Иван Владимирович долго смотрел на раскрасневшуюся Лизоньку.
— Ты хорошо поняла главное в Диккенсе, — произнёс он почему-то грустно. — Всем своим творчеством Диккенс хотел сказать, что тесная дружба и глубокая радость не являются случайными эпизодами в жизни, а наоборот, наши странствия — это эпизоды среди вечной дружбы и радости...
Турышев поднялся из-за стола и, поблагодарив Лизоньку, вежливо попрощался со всеми. Он задержался на пороге — корректный, сдержанный, задумчивый, с седыми висками и лицом, красивым и в старости.

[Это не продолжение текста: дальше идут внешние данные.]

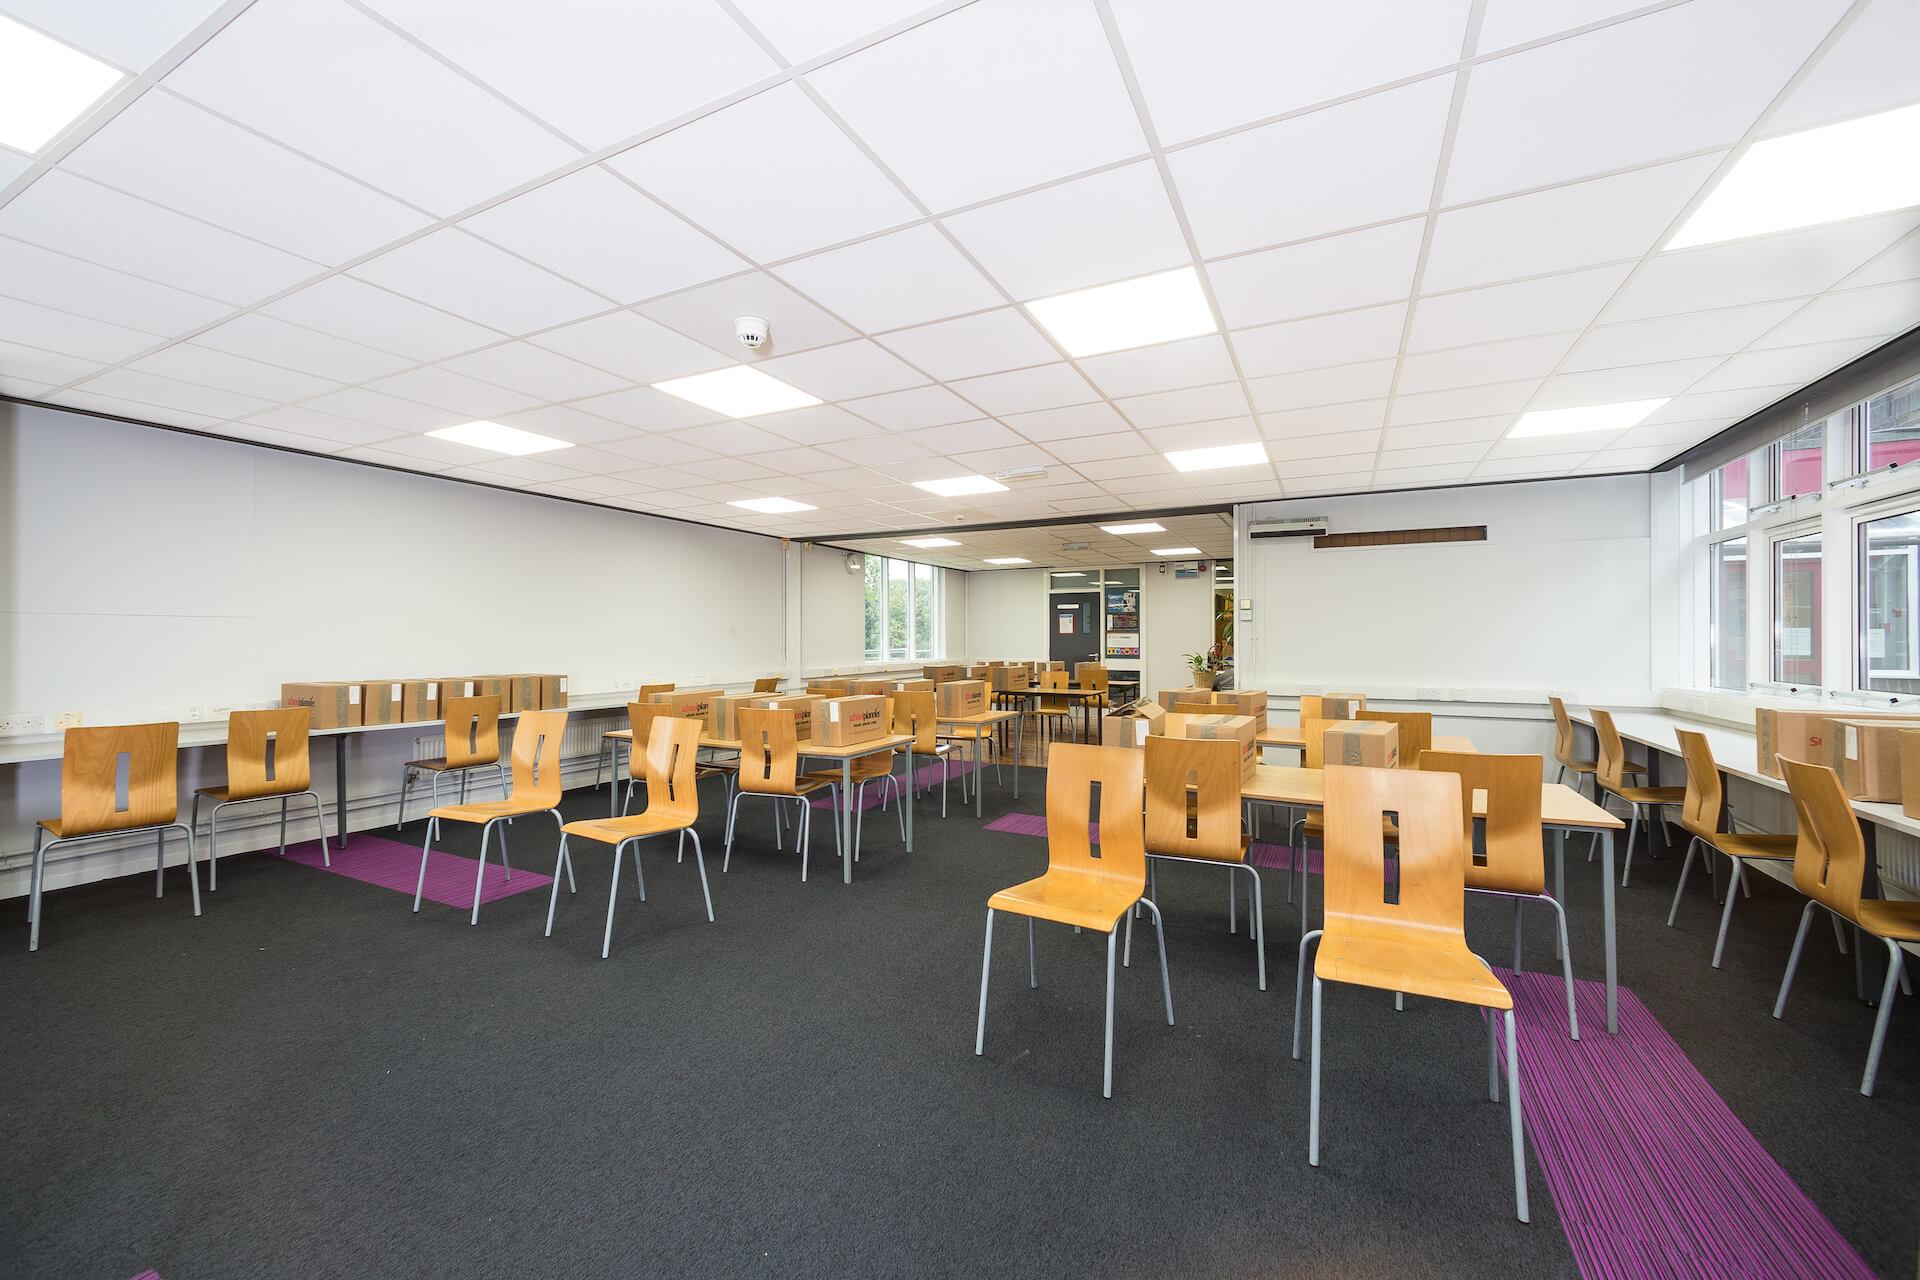 St Mary's School, Menston 5

Как я его любил!
— Ведь мы никогда не расстанемся, — сказал он, — вы будете навещать меня и Вассу Кузьминичну в Москве, а я буду приезжать сюда каждый раз, как мне надо будет работать над книгой или статьёй. Здесь так хорошо работается и дышится. Покойной ночи, славные мои друзья!
Иван Владимирович ушёл, осторожно притворив за собою дверь.
— Он очень хороший! — промолвила Лиза.
— Добрый человек! — согласился Фома и тоже стал прощаться — было поздно.
Проводив Фому до дороги, мы ещё долго сидели втроём — отец, сестра и я. Мы были слишком взволнованы, чтобы спать, и беседовали о разных делах дня. Дома было так хорошо, не хватало разве только сверчка у очага. Но в Бурунном сверчки не водились. Были когда-то, да их вывели вместе с тараканами.
Глава девятая
МАЛЬШЕТ ПОЗВАЛ НАС
На другой день после завтрака я отправился на своём велосипедике (он совсем расшатался) в Бурунный. Мне хотелось поговорить с Ефимкой, по которому очень соскучился: накануне я его почему-то не видел среди встречающих.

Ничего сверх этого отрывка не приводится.